The complete New Testament and much of the Old Testament of the Matthew Bible was from the Tyndale Bible, the translation work William Tyndale was able to complete before his martyrdom. The rest of the Old Testament and most of the Apocrypha were the work of Myles Coverdale. Thomas Matthew (John Rogers) himself translated the Prayer of Manasseh. Because the Matthew Bible relied so heavily on Tyndale’s version, the Matthew Bible is often called the Matthew-Tyndale Bible.
John Rogers added some study helps to the Matthew Bible to aid readers who, in those days, were largely unfamiliar with the Bible. One such aid was a “Table of Principal Matters,” a summary of basic Bible doctrines based upon a 1535 edition of the Bible in French produced by Reformer Pierre Olivétan. The Matthew Bible underwent a second printing in 1549. This second edition is sometimes called the Becke Edition, named after Edmund Becke, the man who supervised the printing; a final edition of the Matthew Bible was printed in 1551.

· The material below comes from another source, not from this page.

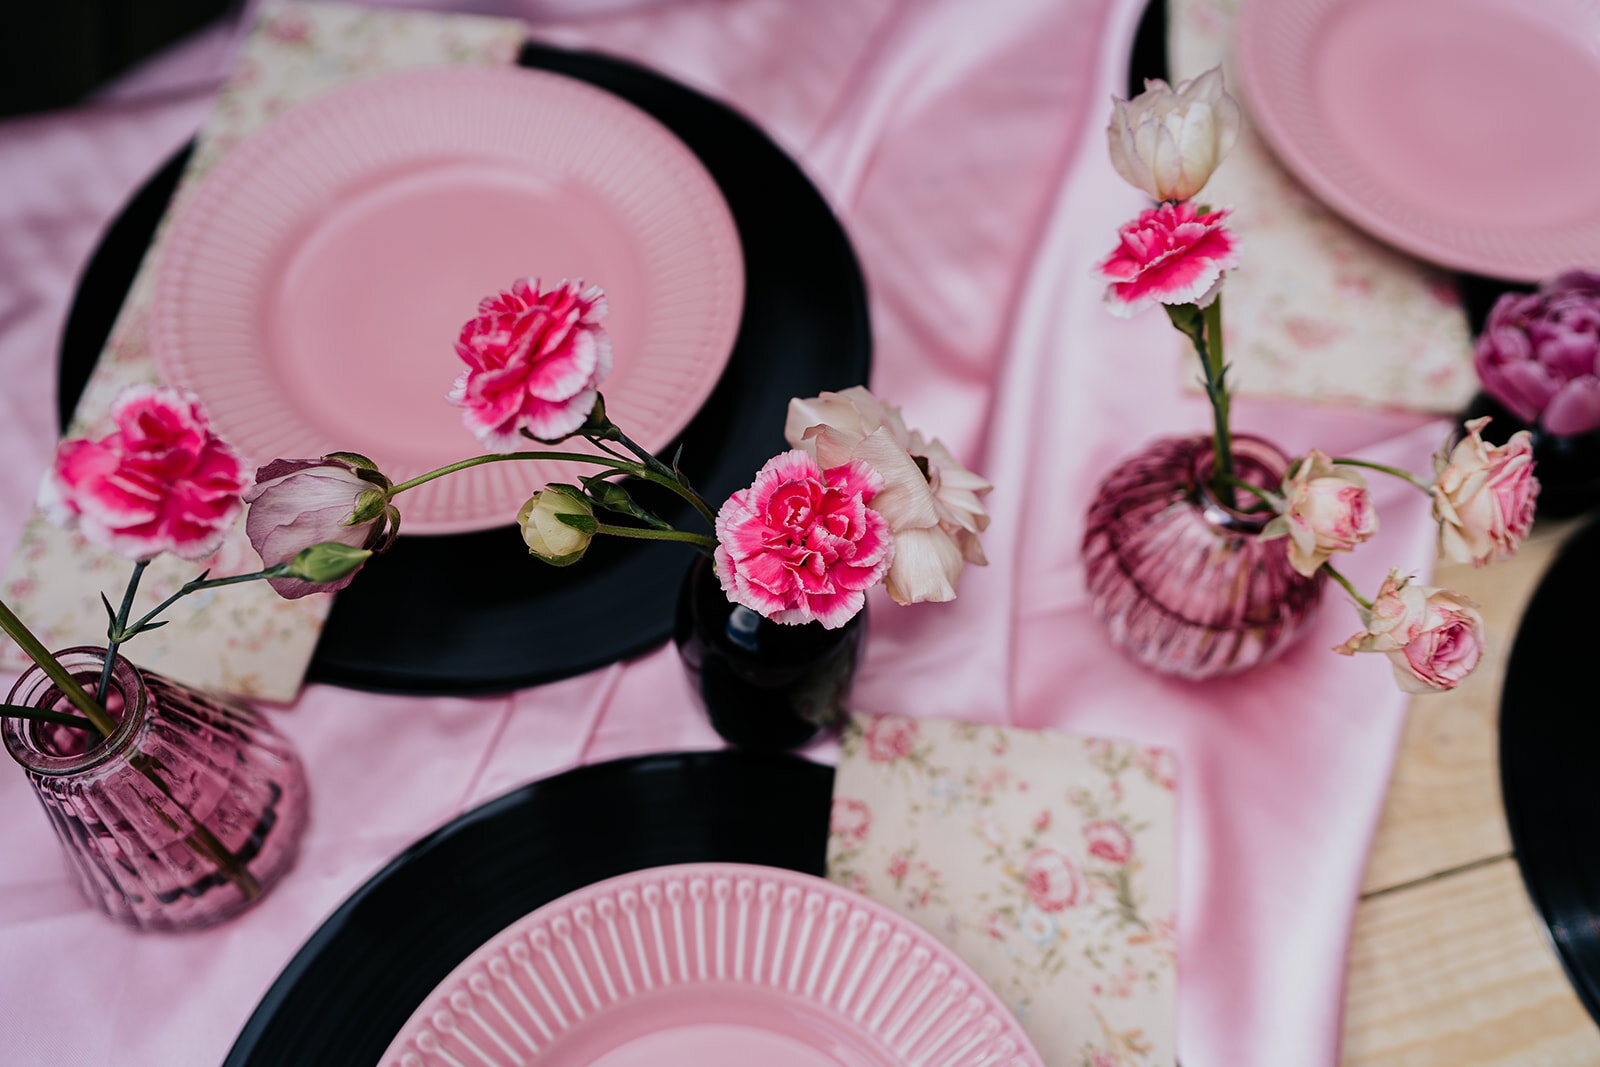 pink side plates and hot pink carnations
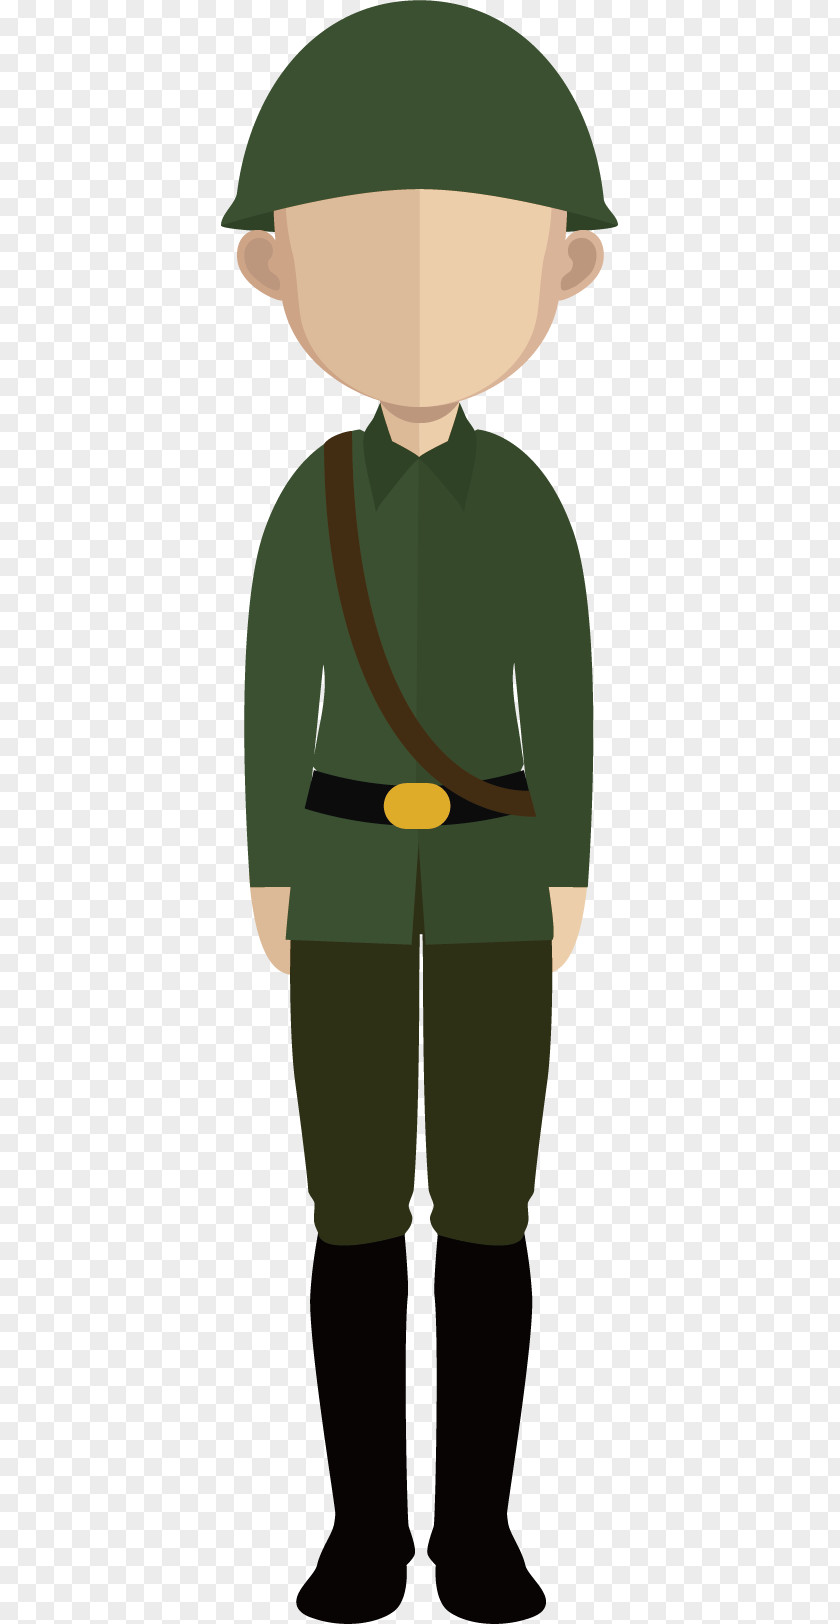 The Army Field Drawing Animation Illustration PNG

Published two years after the Coverdale Bible, the Matthew Bible was the second complete translation of the Bible to be printed in English. Other Bible versions that preceded the Matthew Bible were those by Wycliffe (handwritten), Tyndale (the New Testament only), Luther (in German), and Zwingli (in German). Thankfully, two years after the publication of the Matthew Bible, King Henry VIII authorized the translation of the Great Bible, which was very similar to the Matthew Bible. In fact, until the Great Bible was completed, King Henry VIII allowed the Matthew Bible to be used.
In 1553, Mary Tudor became the queen of England. She was a Catholic and determined to return England to Catholicism. Queen Mary had John Rogers arrested and imprisoned in Newgate Prison. On February 4, 1555, Rogers was led out of prison and past his wife and children (including their infant child whom Rogers had never seen) on his way to the stake. According to Foxe’s Book of Martyrs, Rogers recited Psalm 51 on his way to his death, “all the people wonderfully rejoicing at his constancy; with great praises and thanks to God for the same. And there in the presence of Mr. Rochester, comptroller of the queen's household, Sir Richard Southwell, both the sheriffs, and a great number of people, he was burnt to ashes, washing his hands in the flame as he was burning.” Thus the compiler of the Matthew Bible became the first of many martyrs killed by Mary I, who later became known as “Bloody Mary.”